While the group’s focus has been on West Nile Virus, Chen believes the plant-based antibody approach could provide highly effective, cost efficient therapeutics for other diseases, including related flavivirus infections such as dengue fever and Japanese encephalitis, if the successes in mice can be replicated in humans. Chen is now working on bifunctional antibodies, capable of binding with virus particles as well as attaching to receptors in the brain, allowing the antibody to migrate past the blood brain threshold. If successful, the technique may allow treatment of other, currently intractable infectious and neurological diseases.

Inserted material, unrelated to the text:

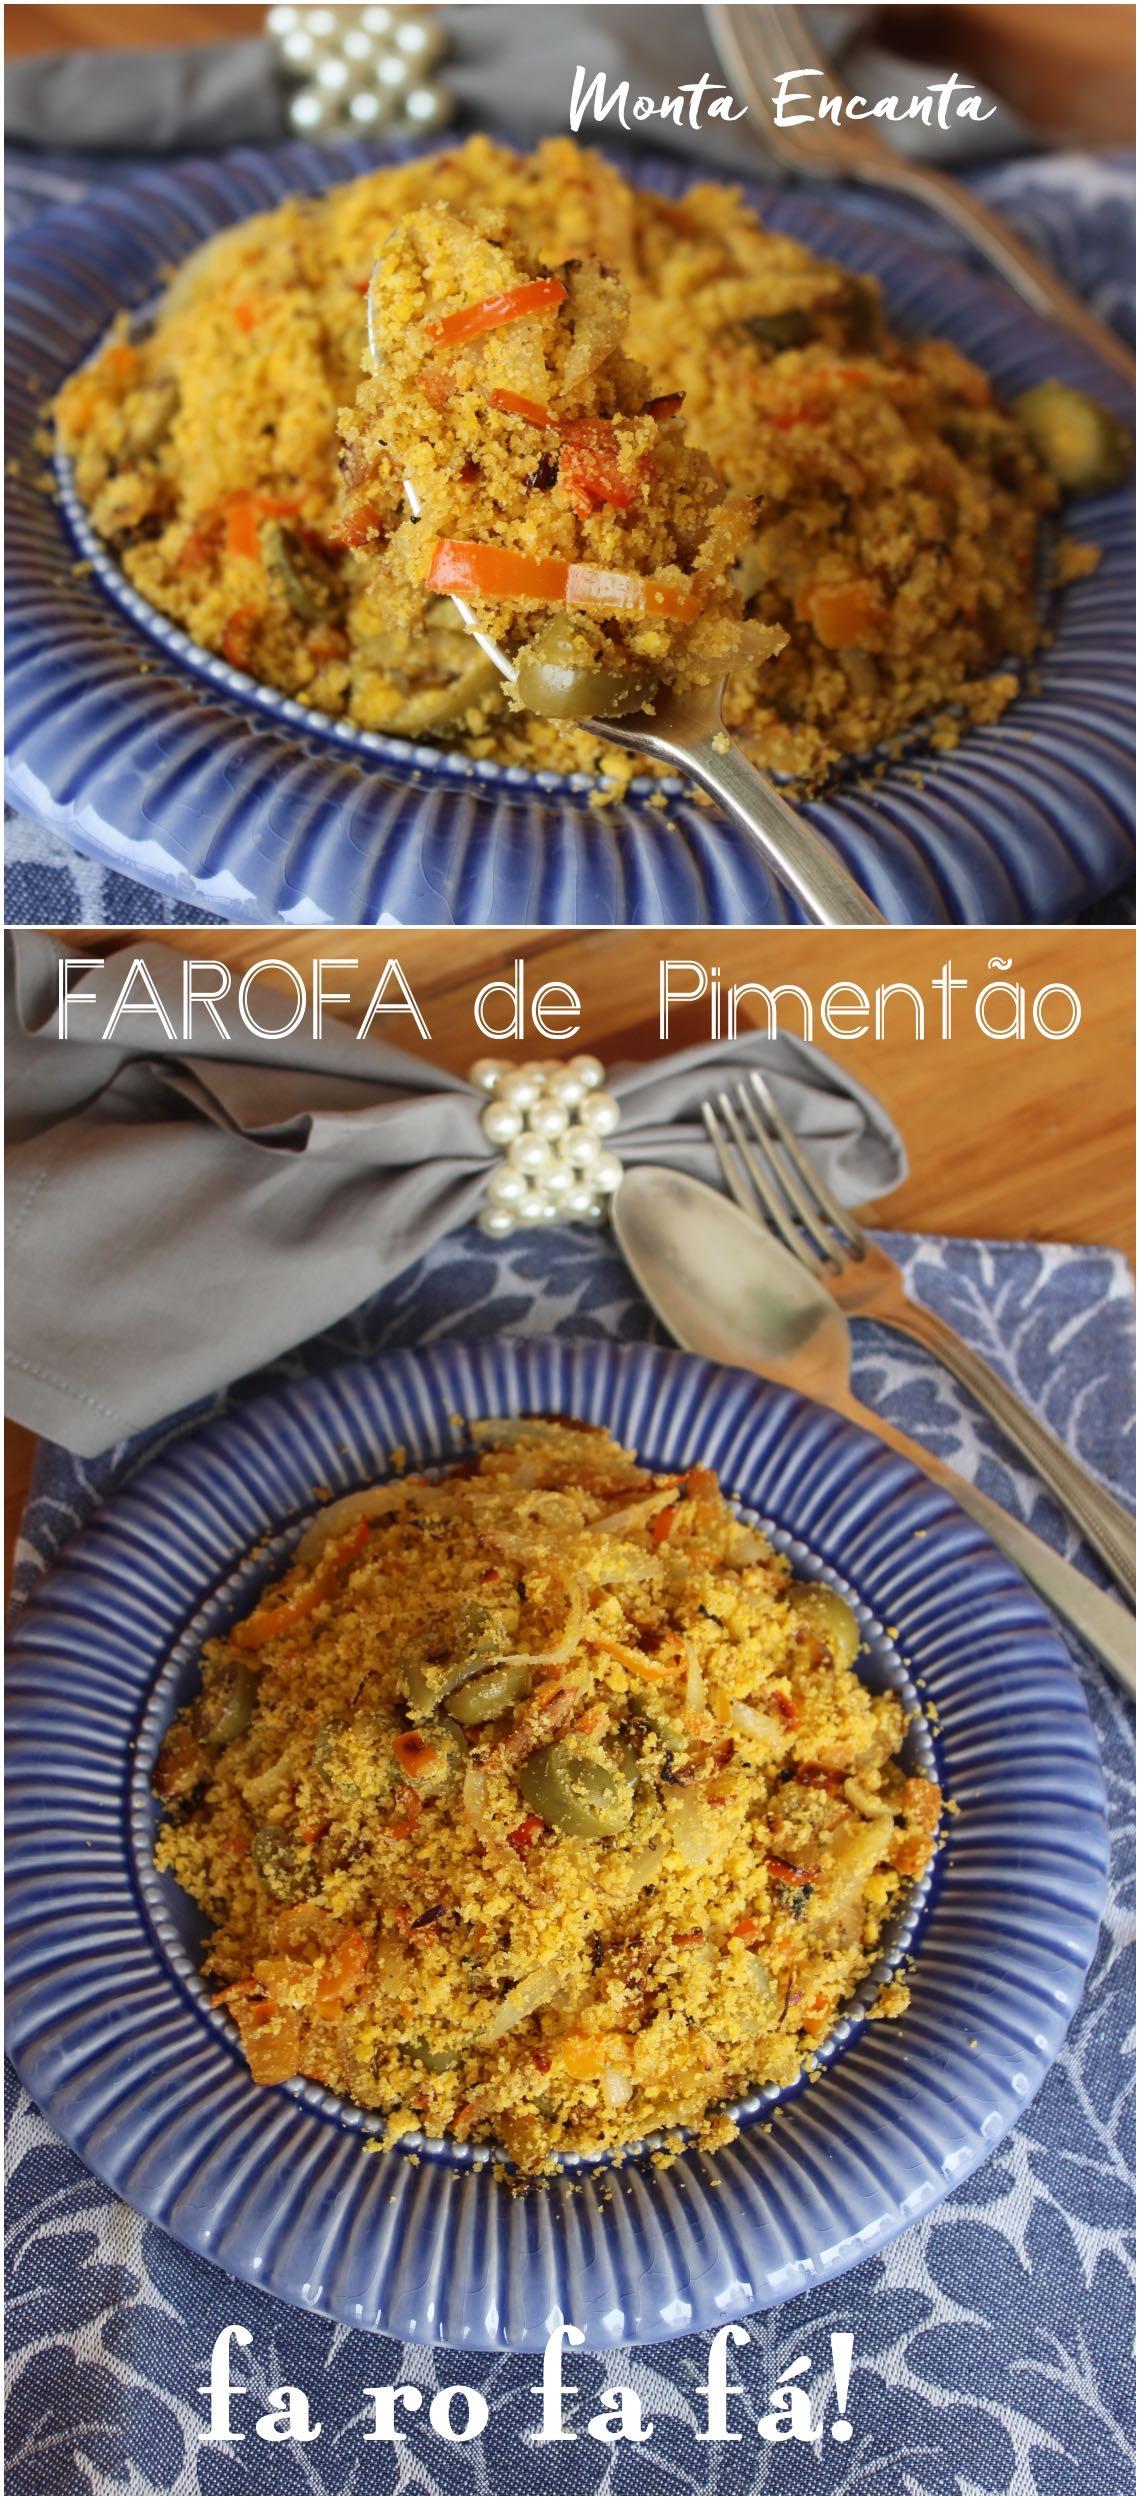 farofa de pimentao

Tuberculosis—one of the most harmful human infectious diseases—kills two million people worldwide every year. According to the World Health Organization, one third of the world’s population is infected with Mycobacterium tuberculosis, causative agent of the illness, with 8 million cases diagnosed annually. New infections are occurring at a rate of about one per second, with a growing percentage of recent cases showing multi-drug resistance.
We are working on several active fronts to combat tuberculosis, a scourge that has persisted throughout recorded history. While the challenges are daunting, significant progress is being made. Understanding the subtle mechanisms by which M. tuberculosis bacteria causes TB is one of the central goals of the Institute’s Center for Infectious Diseases and Vaccinology.
M. tuberculosis is highly contagious, but to contract the disease, two stages are required: first, an individual must be infected with the bacterium; second, the infection must progress to the disease stage. Transmission occurs through the dispersal of nasal droplets from an infected carrier. The ingestion of a single M. tuberculosis bacterium is enough to cause infection, though only about one in ten latent infections will develop into active tuberculosis. About half of these patients will die if the infection is left untreated.
While the body’s natural defenses can usually stave off the activation of tuberculosis, the bacteria, once ingested, can remain viable, persisting in a dormant state. Should the body’s immune system weaken for any reason, the mycobacteria can spread and then attack. Those most vulnerable to tuberculosis include people under immunosuppressant therapy and anyone suffering from immune diseases, particularly HIV. For individuals co-infected with TB and HIV, tuberculosis is now the leading cause of death, and is responsible for 13 percent of all AIDS fatalities worldwide.
Research has focused on understanding the specific genes that permit tuberculosis bacteria to survive and grow within human macrophages—specialized cells whose role it is to seek out and destroy infectious bacterial invaders.
Tuberculosis is notoriously difficult to treat, requiring a lengthy regimen of drugs, often unavailable in areas where they are most needed—tubercular hot spots throughout the developing world. One of the most exciting branches of research at Biodesign is aimed at the development of a safe, low cost vaccine. A novel strategy under development at Biodesign involves the use of an attenuated Salmonella vaccine carrier, capable of generating a powerful, sustained immune response to infectious bacilli.